Мне и всем тем, кому Белаква раскрывал тайну своих прогулочных маневров, он неустанно твердил, что все эти его перемещения никоим образом нельзя приравнивать к таким весьма распространенным и требующим применения грубой физической силы трудовым актам, как, например, копание канавы или другим подобным физическим упражнениям, к которым прибегают, чтобы избавиться от хандры, используя их в качестве некоего лечебного средства, эффективность которых находится в прямой зависимости от степени физического напряжения и усталости. По отношению к такому терапевтическому трудовому средству Белаква испытывал величайшее презрение. Он утверждал, что во время своих прогулок он ничуть не устает — наоборот, говорил он, они придают ему сил. Белаква жил, по его словам, в бетховенской фермате[42], хотя и не удосуживался разъяснить, какой именно смысл он вкладывает в это несколько туманное выражение. Страстно желая во что бы то ни стало объяснить, что именно он имеет в виду, Белаква очень часто затемнял смысл сказанного им еще больше. Уже само по себе такое желание растолковать свои собственные слова свидетельствовало, как мне кажется, прежде всего о потере им уверенности в себе, об отсутствии самодостаточности, которую он неустанно себе приписывал. Налицо был некий упадок духа, крах того, что мы называем internus homo, своим внутренним "я", и все это выдавало его как карикатурную пародию на свою собственную тень. Но в итоге ему удавалось выкарабкиваться из самых дурацких заявлений и нелепых ситуаций, которые он объяснял тем, что был пьян, или тем, что просто не умеет связно и толково высказываться, добавляя при этом, что он вполне доволен таким положением и не собирается ничего в себе менять, или давал еще Бог весть какие пояснения. В конце концов общаться с ним стало просто невозможно, и я прервал с ним какие-либо отношения. В нем не было никакой СЕРЬЕЗНОСТИ.
40
Пилад — в древнегреческой мифологии сын Строфия, царя Фокиды, в доме которого воспитывался Орест, малолетний сын Агамемнона, убитого матерью Ореста Клитемнестрой и ее любовником (Ореста спасла его сестра Электра).

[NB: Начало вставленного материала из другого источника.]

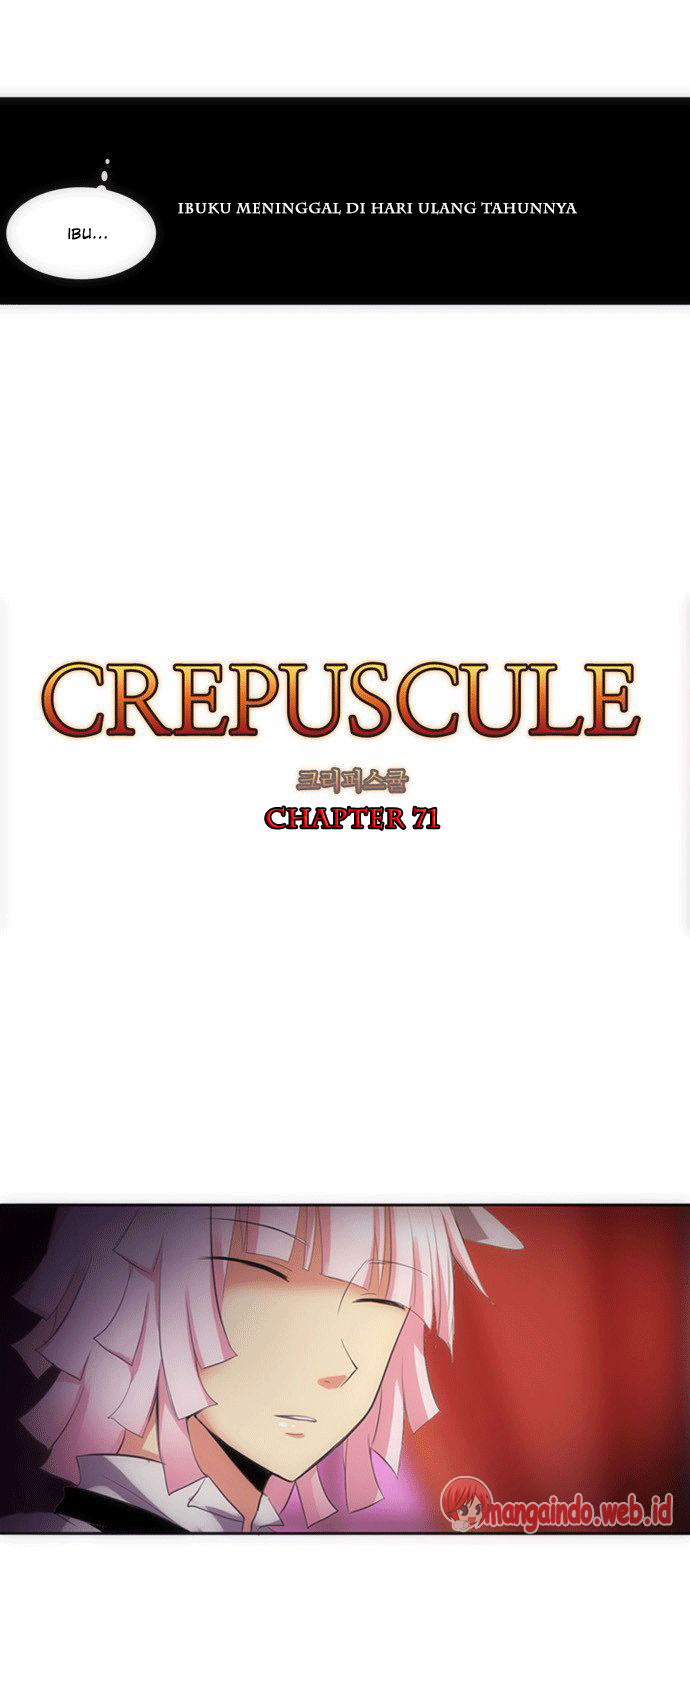 Crepuscule Chapter 71

Между Орестом и Пиладом возникла дружба; позже Пилад поддерживал Ореста во многих жизненных испытаниях, обильно выпадавших на долю Ореста (в частности, и в момент свершения Орестом мести над убийцами отца); Пилад женился на сестре Ореста Электре; имя Пилада в сочетании с именем Ореста стало символом верной и преданной дружбы.
41
"Подражания" — имеется в виду книга Фомы Кемпийского, обычно в русской традиции называемая "О Подражании Христу"; Фома Кемпийский (Томас Хамеркен, или Хемеркен) родился около 1380 года в г. Кемпене, недалеко от Дюссельдорфа (отсюда прозвище), и умер в 1471 году; большую часть жизни провел в монастыре, занимаясь перепиской книг, составлением проповедей и трактатов по монастырской жизни; книга "О Подражании Христу" традиционно приписывается Фоме, однако полной уверенности в его авторстве нет; книга "О Подражании Христу" для западных христиан и до сих пор является самым читаемым, после Библии, произведением классической религиозно-благочестивой литературы; на русский язык переводилась дважды: в конце прошлого века К.П.Победоносцевым и в начале 90-х годов века нынешнего А.Н.Панасьевым; фраза, приведенная в тексте Беккета, является аллюзией на главу XX Книги Первой "Подражания...".
42
Фермата — музыкальный термин, в нотном письме знак над нотой или паузой, указывающий на необходимость некоторого продления, затяжки звука или паузы при исполнении; у Беккета, очевидно, употреблено в смысле паузы между перемещениями Белаквы.